Allgemeine Geschäftsbedingungen (AGB)
für Foto- und Videodienstleistungen
Anbieter
Fabio Bätz media
Inhaber: Fabio Bätz
Rosenstraße 25, 76448 Durmersheim
Telefon: +49 162 1619670
E-Mail: kontakt@fabiobaetzmedia.de
Website: fabiobaetzmedia.de
Kleinunternehmer gemäß § 19 UStG
§ 1 Geltungsbereich
- Diese Allgemeinen Geschäftsbedingungen (AGB) gelten für alle Verträge, Angebote und Dienstleistungen im Bereich der Fotografie und Videografie, die zwischen Fabio Bätz media (nachfolgend „Dienstleister") und dem jeweiligen Kunden (nachfolgend „Auftraggeber") geschlossen werden – unabhängig davon, ob der Auftraggeber Verbraucher (§ 13 BGB) oder Unternehmer (§ 14 BGB) ist.
- Abweichende Bedingungen des Auftraggebers werden nicht anerkannt, es sei denn, der Dienstleister stimmt ihrer Geltung ausdrücklich schriftlich zu.
§ 2 Vertragsabschluss und Leistungsumfang
- Ein Vertrag kommt zustande, indem der Auftraggeber ein Angebot des Dienstleisters annimmt. Die Annahme kann schriftlich, per E-Mail oder durch eine gesonderte Auftragsbestätigung erfolgen.
- Der genaue Inhalt, Umfang und Termin der Dienstleistung (z. B. Art der Aufnahmen, Ort, Lieferumfang) ergeben sich aus der jeweiligen individuellen Vereinbarung oder Auftragsbestätigung.
§ 3 Vergütung und Zahlungsbedingungen
- Es gilt das im jeweiligen Angebot oder der Auftragsbestätigung vereinbarte Honorar.

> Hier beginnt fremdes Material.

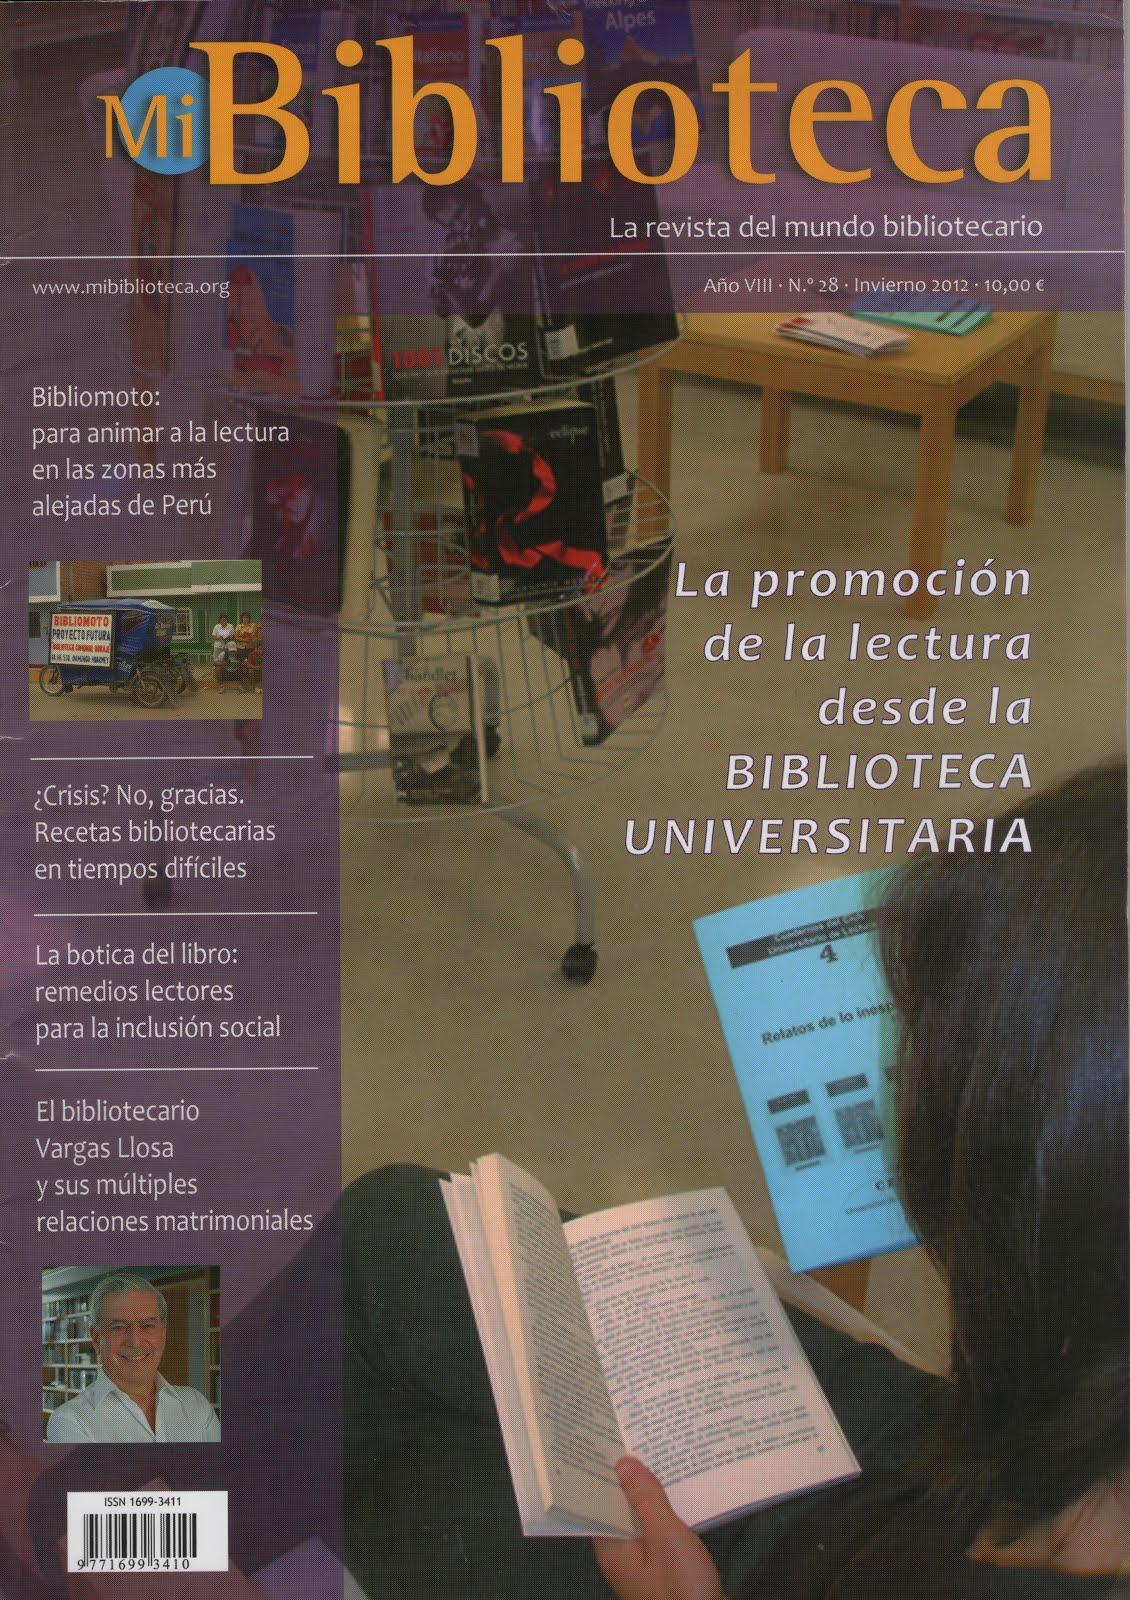 REVISTA MI BIBLIOTECA - MALAGA - ESPAÑA

- Da der Dienstleister ein Kleinunternehmen gemäß § 19 UStG betreibt, wird keine Umsatzsteuer (Mehrwertsteuer) erhoben und ausgewiesen.
- Rechnungen sind – sofern nicht anders vereinbart – innerhalb von 14 Tagen nach Rechnungsstellung ohne Abzug per Überweisung zu zahlen.
- Gerät der Auftraggeber mit der Zahlung in Verzug, ist der Dienstleister berechtigt, Verzugszinsen in gesetzlicher Höhe nach § 288 BGB zu berechnen. Gegenüber einem Verbraucher tritt Verzug nach § 286 Abs. 3 BGB erst dreißig Tage nach Zugang der Rechnung ein, und auch dies nur, wenn der Verbraucher in der Rechnung ausdrücklich auf diese Folge hingewiesen wurde. Die gesetzlichen Regelungen zum Eintritt des Verzugs im Übrigen, insbesondere durch Mahnung, bleiben unberührt.
§ 4 Nutzungsrechte und Urheberrecht
- Dem Dienstleister steht das Urheberrecht an allen erstellten Foto- und Videodateien nach dem Urheberrechtsgesetz (UrhG) zu.
- Der Auftraggeber erhält nach vollständiger Bezahlung das einfache, zeitlich und räumlich unbeschränkte Recht, die gelieferten Foto- und Videodateien für die im Vertrag vereinbarten Zwecke zu nutzen (z. B. eigene Website, eigene Social-Media-Kanäle, Printmaterialien, interne oder externe Kommunikation des Auftraggebers – etwa auch einer Vereins- oder Unternehmenswebsite). Der genaue Nutzungszweck wird im jeweiligen Angebot bzw. in der Auftragsbestätigung festgelegt. Eine kommerzielle Weitergabe der Dateien an Dritte sowie eine Nutzung außerhalb der vereinbarten Zwecke ist ausgeschlossen und bedarf der vorherigen Zustimmung des Dienstleisters in Textform.
- Der Dienstleister ist berechtigt, die im Rahmen des Auftrags entstandenen Aufnahmen unentgeltlich und zeitlich unbeschränkt für eigene Werbezwecke zu verwenden, etwa im Portfolio, auf der Website, in sozialen Netzwerken sowie in Bewerbungsunterlagen. Dies gilt nicht, soweit schriftlich vereinbarte Geheimhaltungsinteressen des Auftraggebers entgegenstehen.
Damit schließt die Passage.